[WORK ITEM] Your copy of the listing should match it exactly, only without pictures.

[GIVEN DATA]
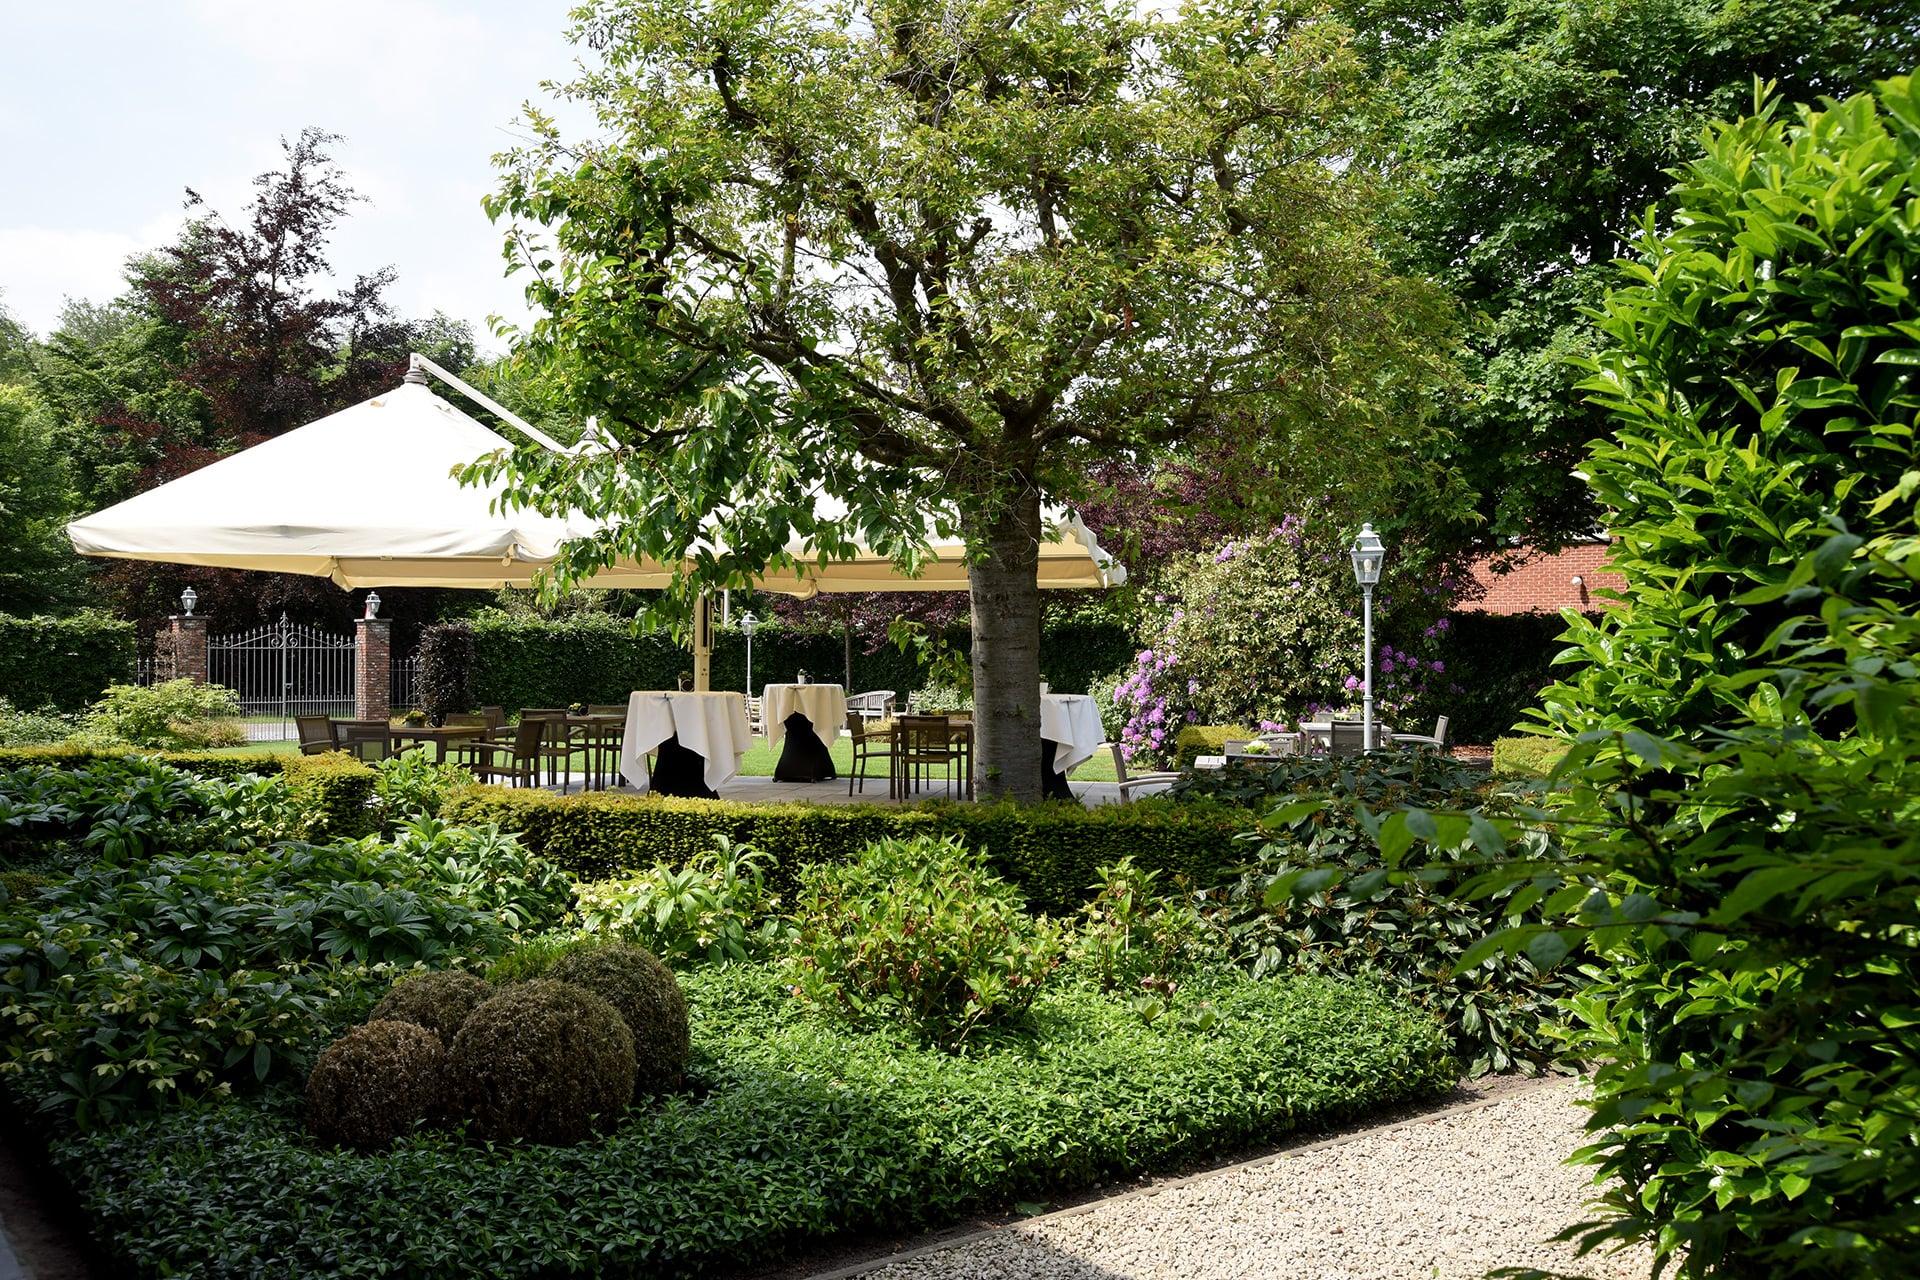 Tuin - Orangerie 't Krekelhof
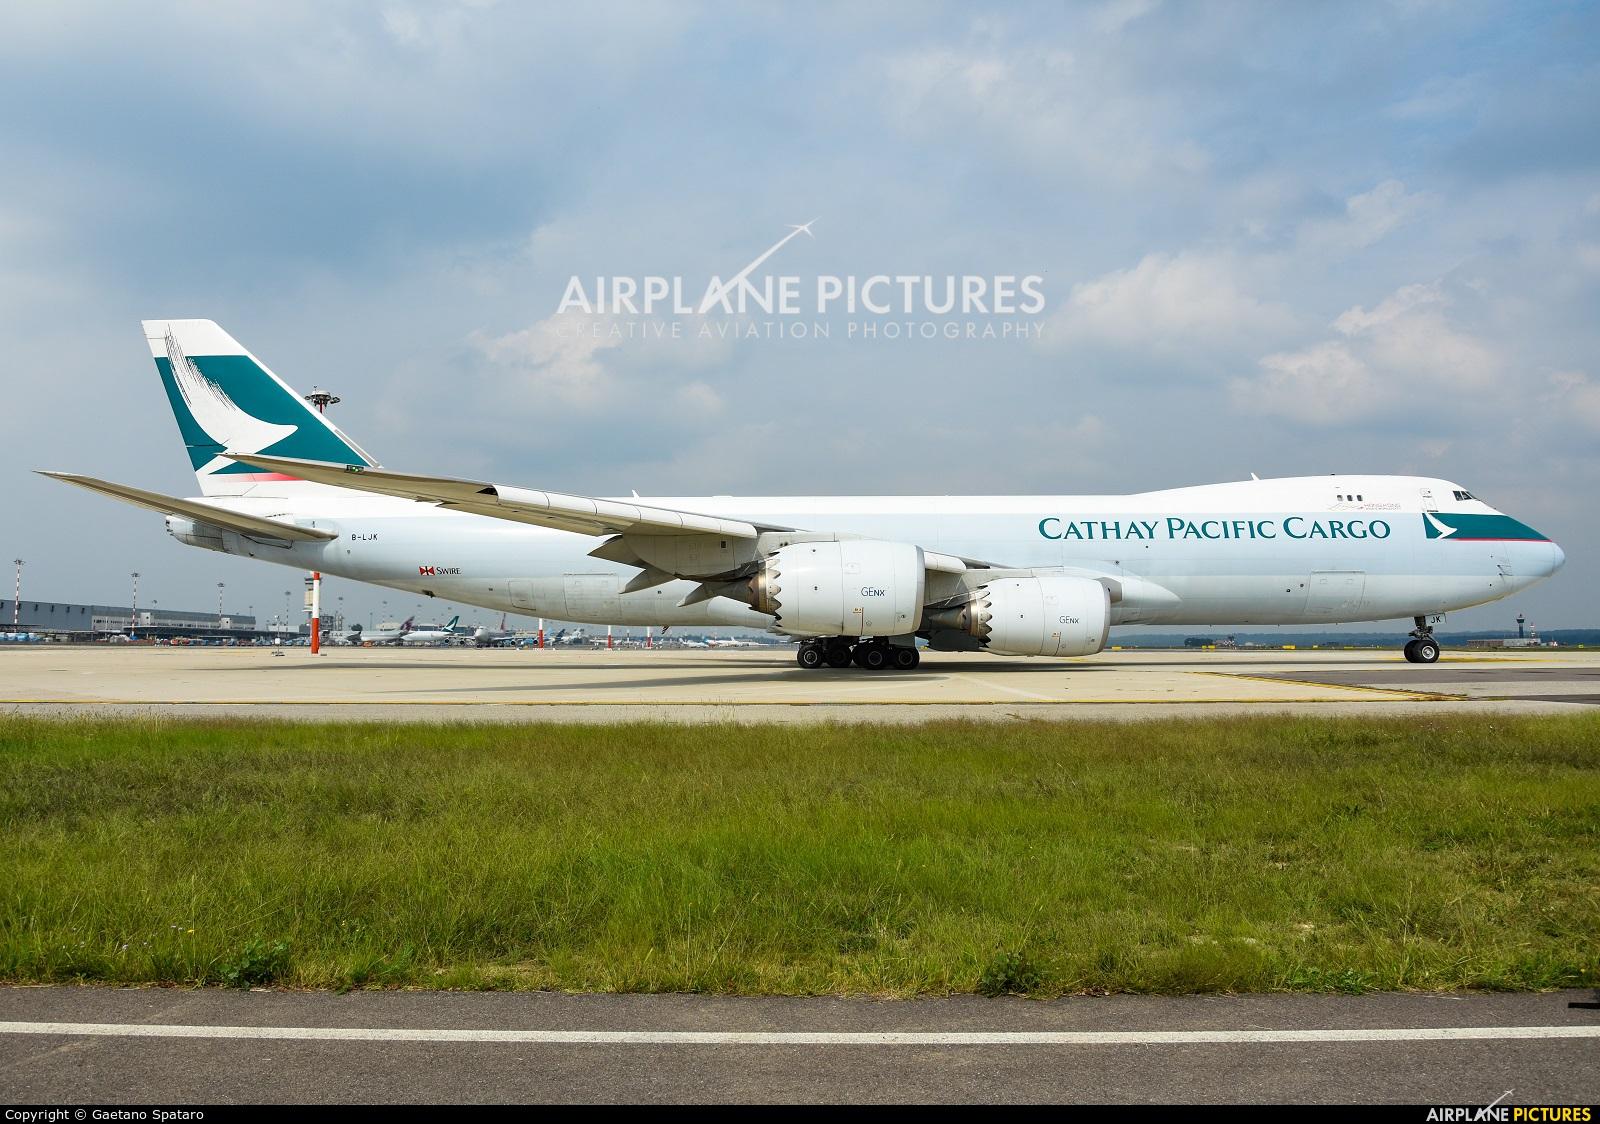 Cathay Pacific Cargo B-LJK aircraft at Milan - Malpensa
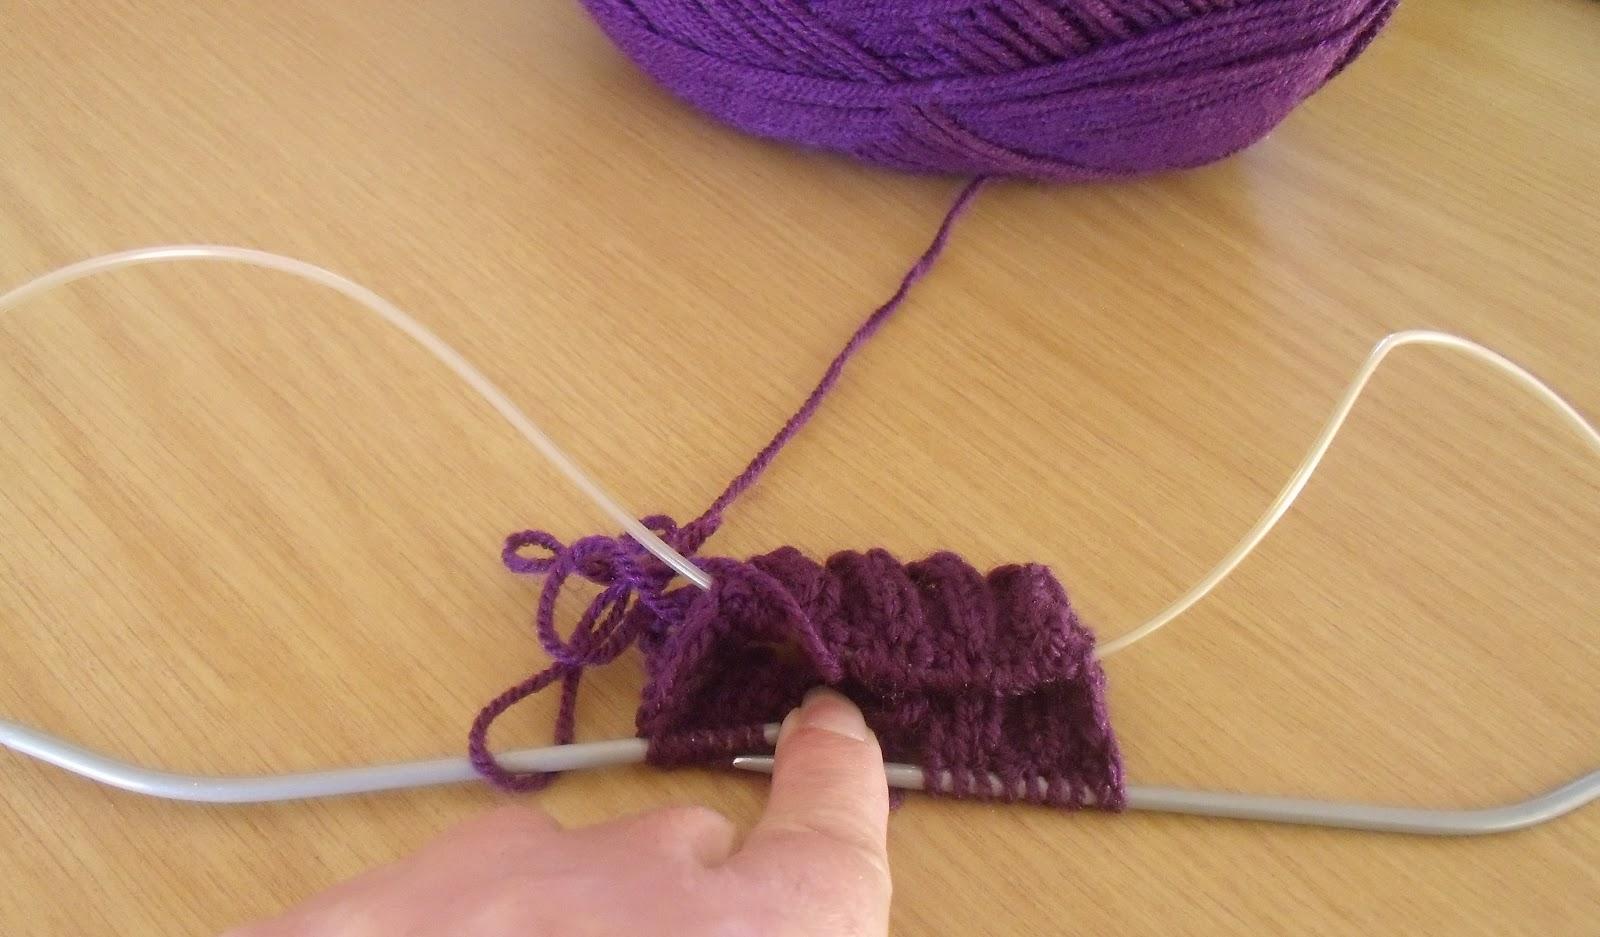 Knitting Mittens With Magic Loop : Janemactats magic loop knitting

[RESULT OF THIS TASK]
 Tuin - Orangerie 't Krekelhof
 Cathay Pacific Cargo B-LJK aircraft at Milan - Malpensa
 Knitting Mittens With Magic Loop : Janemactats magic loop knitting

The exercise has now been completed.